I don’t know what to do. This blog is a personal comment. I am encouraging any comments or suggestions.
So- Do I get my degree quickly and efficiently from an on-line University; or do I stick it out at the big school? I am actually enrolled in Eastern Michigan University and I haven’t even applied to U of M yet. Sheesh! I don’t want to give up on that. We all know that I am on the plateau of seasons in my life. I’m not in my youthful up-hill battle. I’m not all grey yet either, more years passed then left to me. I’m on this plain. And I can see everything ahead of me and behind me here.
So really, dear reader, it’s a matter of my balls. Do I have enough to say, “This will be really hard! Bring it on!” ? Do I? Do you?
I believe I do. The extra cool thing I like about me being Christian is that I honestly believe that God told me he wants me to be a Social Worker. And if I’m in God’s plan nothing can stop me. On a less spiritual note, I have A+ all of my psychology courses.
On a more spiritual note, I can probably find people at my church going that way.

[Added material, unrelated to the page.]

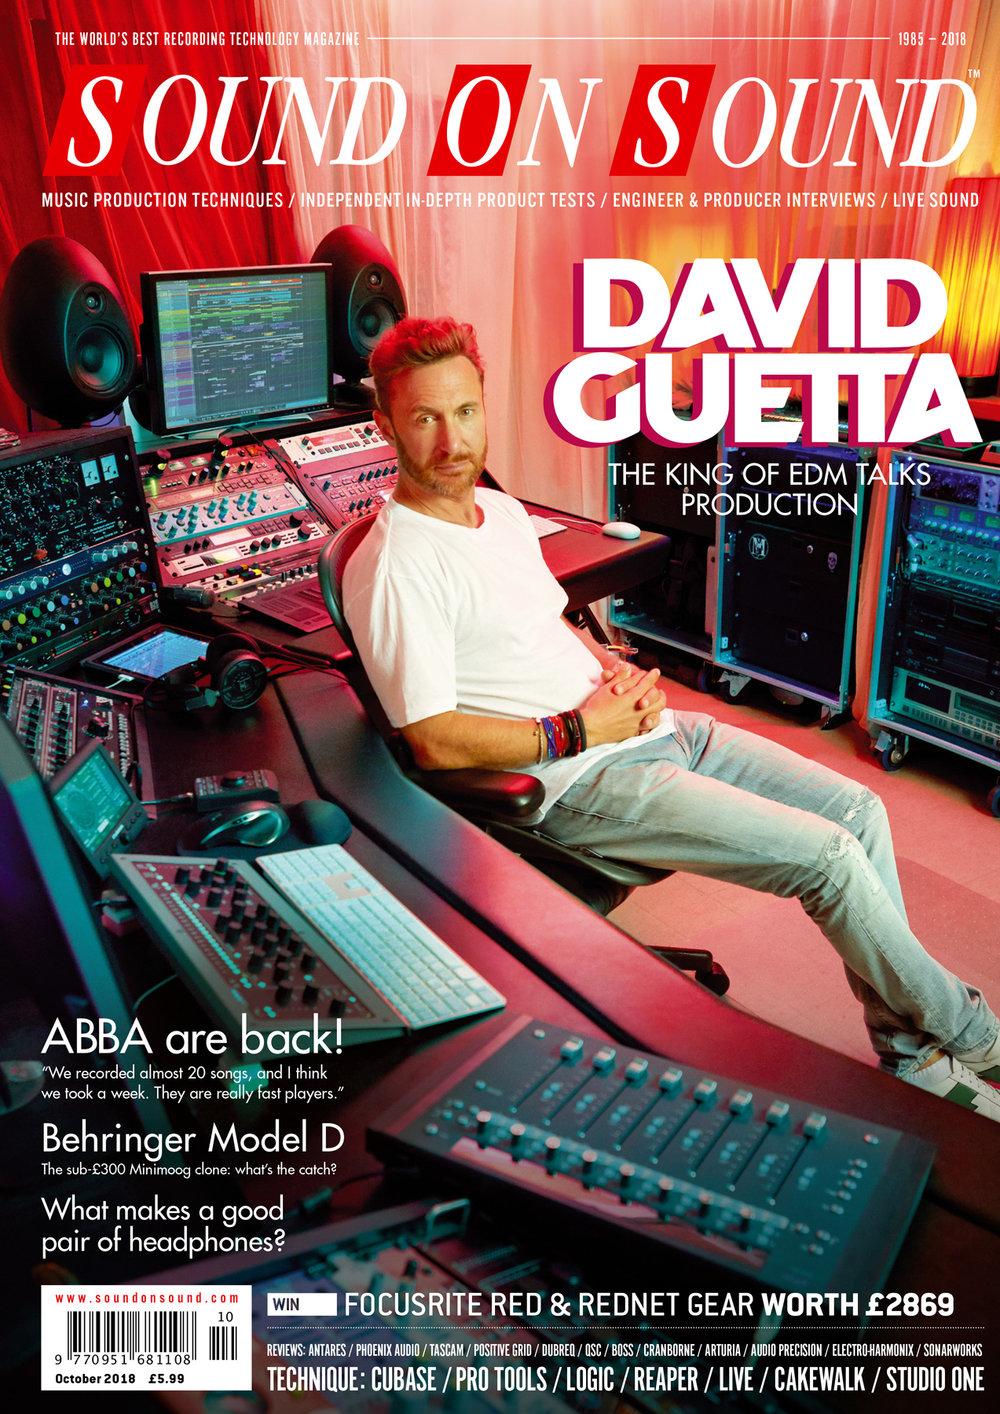 David_Guetta_Sound_On_Sound_Magazine_September_nachodorado_1.jpg

If I allow the doctors to diagnose me as bi-polar with Post-Traumatic Stress Disorder (and whatever else) I can receive a bit of lee-way on my Welfare Status. I just need to get through school. If I get myself officially crazy- all of this is paid for. The draw-back would be- I can’t buy a gun, and now I’m trying to get a job and I’m officially crazy.
I don’t want a fixed allowance. I NEED A PAYCHECK!!!!!!
But who hires a crazy lady? I think sometimes that the paper degree is for the bottom of a birdcage. I need to write! I need to do Work that is Social! Ah!
I think I’ll take the world head-on and honestly. Just so I can say- “I got my masters degree from a major University; and I did all this brain damaged, crazy, and stoned. What’s your excuse?”